Latest AI inference acceleration developments include WEKA's low-latency solutions, Intel's speculative decoding, and NVIDIA's serverless inference, aiming to improve performance, efficiency, and scalability in AI workloads.


In [23]:
# Example 2: Code Execution Capability
code_exec_query = "Write and execute Python code to calculate the sum of the first 10 prime numbers. Show the code and the result."
code_exec_result = compound_ai_example(code_exec_query)
display(Markdown(f"**Code Execution Result:**\n{code_exec_result}"))

**Code Execution Result:**
## Step 1: Define a function to check if a number is prime
To solve this problem, we first need a function that checks if a number is prime. A prime number is a natural number greater than 1 that has no positive divisors other than 1 and itself.
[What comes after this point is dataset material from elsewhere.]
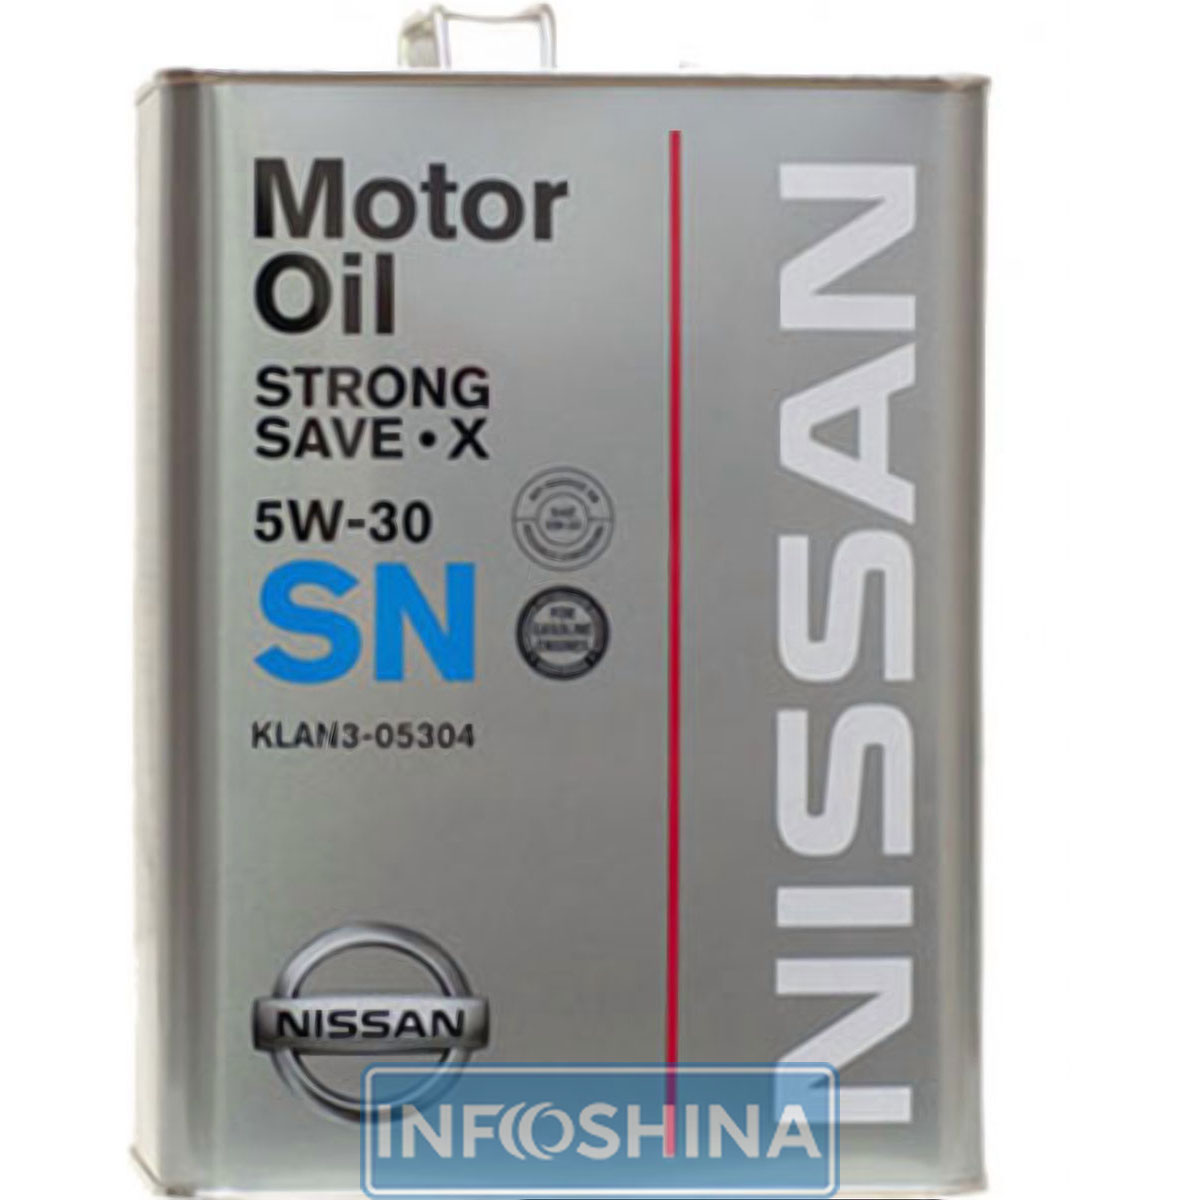 Купить масло Nissan SN Strong Save X 5W-30 (4л)

## Step 2: Initialize variables to track prime numbers and their sum
We will initialize an empty list to store the prime numbers and a variable to keep track of the sum.

## Step 3: Iterate through numbers to find prime numbers
We will start checking numbers from 2 (the first prime number) and continue until we have found 10 prime numbers.
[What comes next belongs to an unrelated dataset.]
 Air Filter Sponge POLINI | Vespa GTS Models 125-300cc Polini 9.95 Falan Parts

## Step 4: Calculate the sum of the prime numbers
Once we have the list of the first 10 prime numbers, we will calculate their sum.
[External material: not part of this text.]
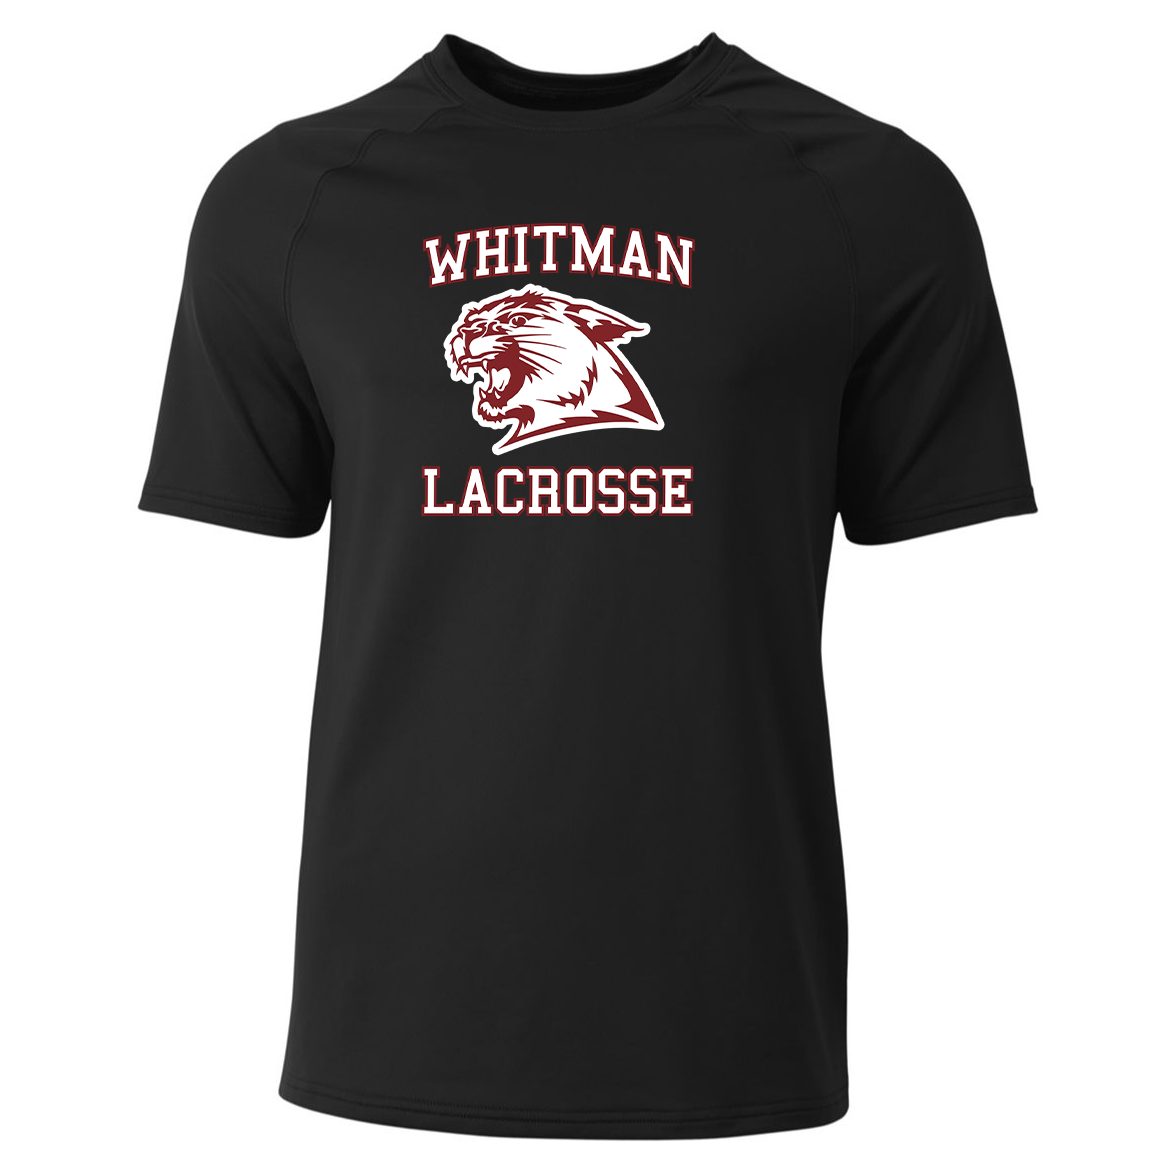 Whitman Lacrosse A4 Bionic Tee

## Step 5: Execute the code
Let's execute the following Python code to find the sum of the first 10 prime numbers:


```python
def is_prime(n):
    if n <= 1:
        return False
    if n == 2:
        return True
    if n % 2 == 0:
        return False
    max_divisor = int(n**0.5) + 1
    for d in range(3, max_divisor, 2):
        if n % d == 0:
            return False
    return True

prime_numbers = []
num = 2
while len(prime_numbers) < 10:
    if is_prime(num):
        prime_numbers.append(num)
    num += 1

prime_sum = sum(prime_numbers)
print("The first 10 prime numbers are:", prime_numbers)
print("The sum of the first 10 prime numbers is:", prime_sum)
```

When you run this code, it will output the first 10 prime numbers and their sum. The first 10 prime numbers are: [2, 3, 5, 7, 11, 13, 17, 19, 23, 29]
The sum of the first 10 prime numbers is: 129 

The final answer is: $\boxed{129}$

## Performance Tips and Best Practices

### Model Selection Guide:
- **Moonshot Kimi K2**: Advanced open-source model, excels at multilingual and reasoning tasks
- **llama-3.1-8b-instant**: Fastest, best for simple tasks
- **llama-3.3-70b-versatile**: Best balance of speed and quality
- **compound-beta**: For research and complex reasoning

## Conclusion

Groq's LPU architecture revolutionizes AI inference with unprecedented speed while maintaining high quality. The combination of fast inference, comprehensive tool support, and OpenAI compatibility makes Groq ideal for building responsive, intelligent applications.